COMMENTS: Allegedly autobiographical in tone, this was South Africa’s first film in the avant-garde genre, one of its very few horror films, and also its first black comedy. It is now known to be an allegory about the South African situation in 1970 – showing said situation and the country’s inhabitants in the milieu of a home for the insane whose inmates’ lives are flipped by the arrival of a catatonic, mute mathematics professor, the “angel of discord”, as he is referred to by one of the loonies. Among this merry little band, we find a jilted bride (Hermien Dommisse) whose wedding portrait depicts her holding the hand of a faceless man who locked her up in this house until she went insane, a knife wielding nymphomaniac with Bible thumping parents (Katinka Heyns), an ex Ossewabrandwag soldier with an uncanny resemblance to John Vorster (Don Leonard), a judge (Jacques Loots) who went mad (and consequently hangs up the plants in the asylum’s hothouse in a makeshift gallows) after his daughter’s killer was let off scot free, and a psychotic, lovesick woman (Jill Kirkland) who continuously writes unsent letters to her dead daughter. Other characters include the sane, disabled artist Frans (Phillip Swanepoel) whose parents locked him up in the asylum because they were ashamed of him, and the Director of the asylum (Lourens Schultz), a weak-willed, gambling, drinking good-for-nothing, almost as mad as those he cares for, whose only purpose in life is to give injections and make his inmates swallow pills. The seemingly mad and mother-fixated Jannie Pienaar was supposedly based both on director Jans Rautenbach’s treatment by the critics and some of the more sensitive sections of the South African community, and Rautenbach’s experiences as a clinical psychologist. He finds himself restored to life because of two major factors: a love triangle which involves him and two of the inmates and the horrific finale when, on the suicide of one of those inmates, Jannie is condemned to death by hanging. For real. Not by his neck, but by his feet.

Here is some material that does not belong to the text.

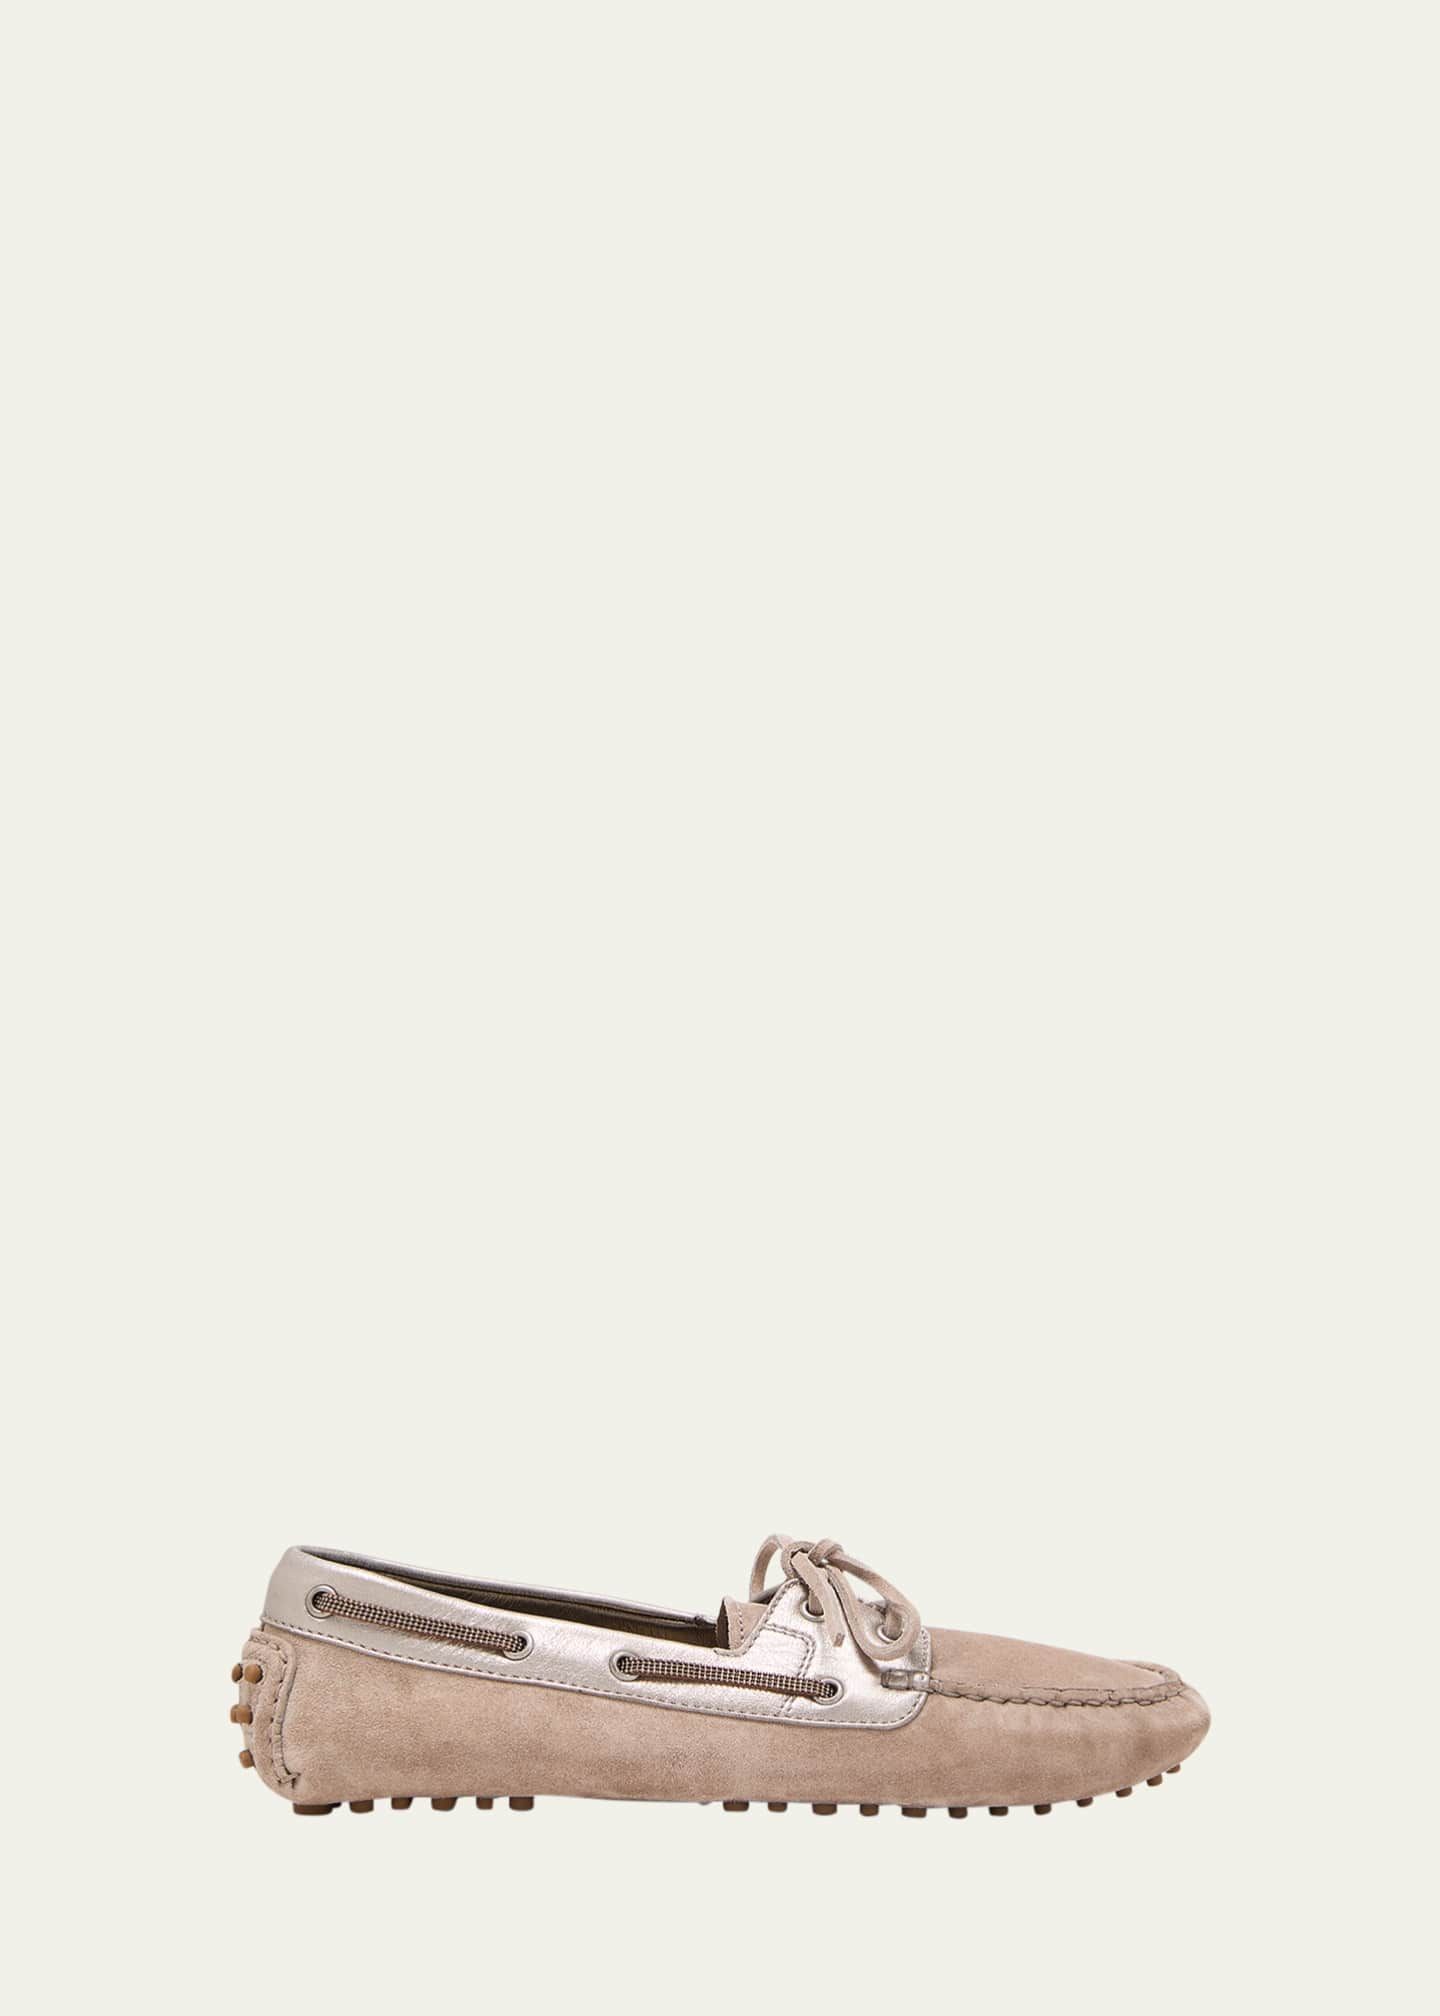 Car Shoe slip-on driving loafers - Neutrals

One would have to go very far back or far forward into the future of the South African film industry’s history to find a film as horrific, comic (yes, it is very funny in parts) and perfect as this, with brooding photography (courtesy David Dunn Yarker and Koos Roets, ACS ), an eerie credits puppet show in which the spectre of death intrudes and is frightened away, haunting music by Sam Sklair and oppressive, claustrophobic set and art design. To unsuspecting first time viewers, this film’s impact is still felt months and years later. Judging by its’ initial reception in 1970, it is clear that the movie going public in South Africa did not know that they were actually looking into a mirror with themselves as the subjects, notwithstanding the fact that each viewer of this film feels like they have just been dinged on the head with a very large, heavy board when the film ends.